1. Order your results so that the Corporate segment appears first, then the Consumer segment, followed by any remaining segments.

In [17]:
%%sql

SELECT segment,
       subcategory,
       product_name,
       sales,
       profit
  FROM orders
  WHERE city = 'Watertown'
  ORDER BY CASE
           WHEN segment = 'Corporate' THEN 1
           WHEN segment = 'Consumer' THEN 2
           ELSE 3
           END


 * sqlite:///superstore.db
Done.


segment,subcategory,product_name,sales,profit
Corporate,Bookcases,"Atlantic Metals Mobile 4-Shelf Bookcases, Custom Colors",1573.488,196.686
Corporate,Binders,GBC DocuBind TL200 Manual Binding Machine,895.92,302.373
Corporate,Chairs,Global Commerce Series Low-Back Swivel/Tilt Chairs,462.564,97.6523999999999
Corporate,Appliances,Staple holder,35.91,9.6957
Corporate,Storage,"Letter/Legal File Tote with Clear Snap-On Lid, Black Granite",96.36,25.0536
Consumer,Appliances,"Holmes Cool Mist Humidifier for the Whole House with 8-Gallon Output per Day, Extended Life Filter",19.9,8.955
Consumer,Furnishings,"Tenex Carpeted, Granite-Look or Clear Contemporary Contour Shape Chair Mats",70.71,4.94969999999999
Consumer,Paper,"Wirebound Message Books, Four 2 3/4"" x 5"" Forms per Page, 600 Sets per Book",18.54,8.7138
Consumer,Binders,Fellowes PB200 Plastic Comb Binding Machine,679.96,220.987
Home Office,Chairs,"Situations Contoured Folding Chairs, 4/Set",191.646,31.941


# 6) Writing Performant SQL

To end our Introduction to SQL course, let's talk about one more SQL "best practice." SQL databases can easily contain millions of records.

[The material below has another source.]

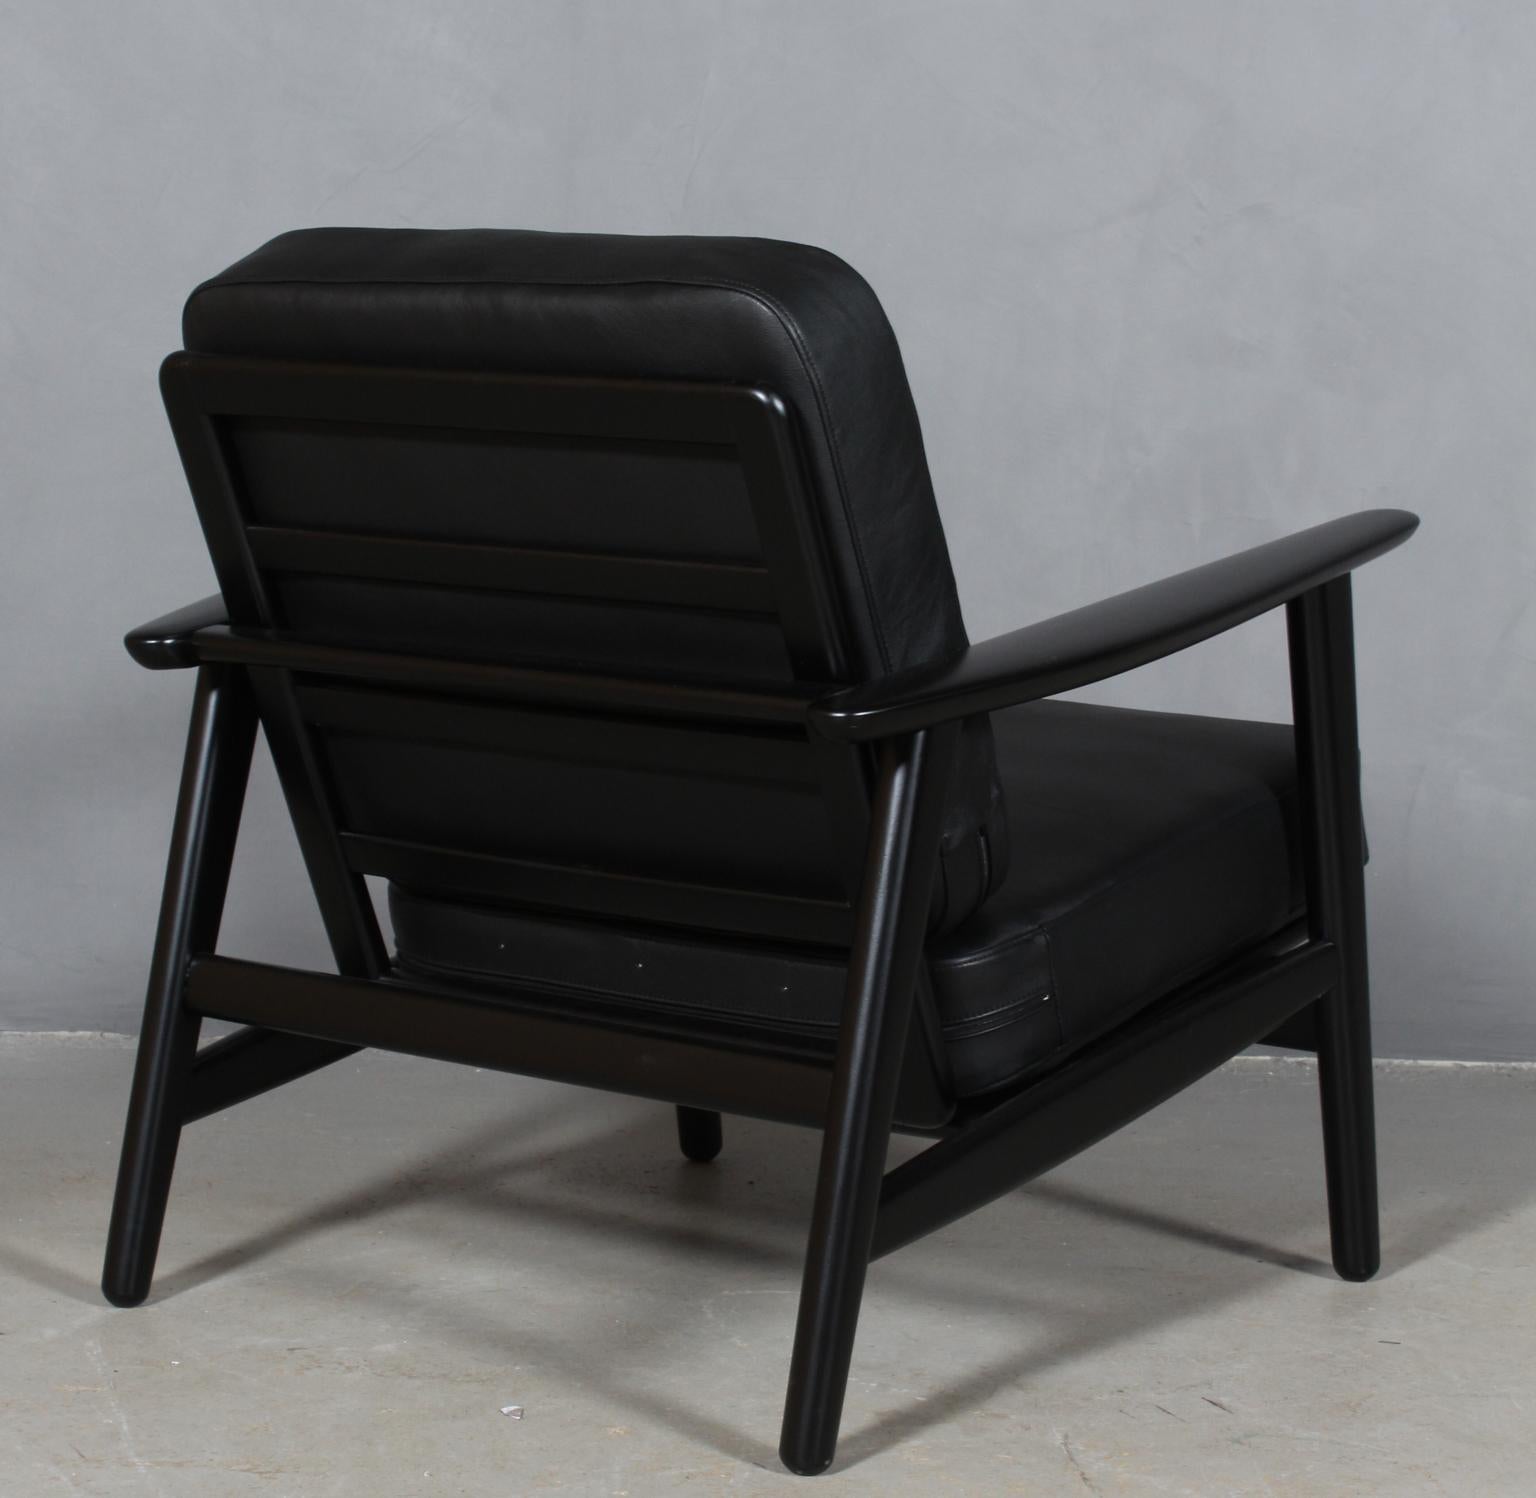 Danish Hans J. Wegner Lounge Chair, Model 233

In a fast-paced business world, we want to be able to pull data in a timely manner.

SQL queries are known as  

> "performant" when they accelerate the performance of your queries.

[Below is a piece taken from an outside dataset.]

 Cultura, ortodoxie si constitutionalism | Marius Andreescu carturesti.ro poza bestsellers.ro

There are many ways to make your queries performant, which can get quite complicated. Here are a few related to this course:

1. Avoid `SELECT *`. Only select the columns you need from the query.

1. Select a sample of rows with `LIMIT`. This could limit the need to print millions of records.

1. Use `IN` instead of `OR`. `IN` will evaluate your conditions at once rather than individually.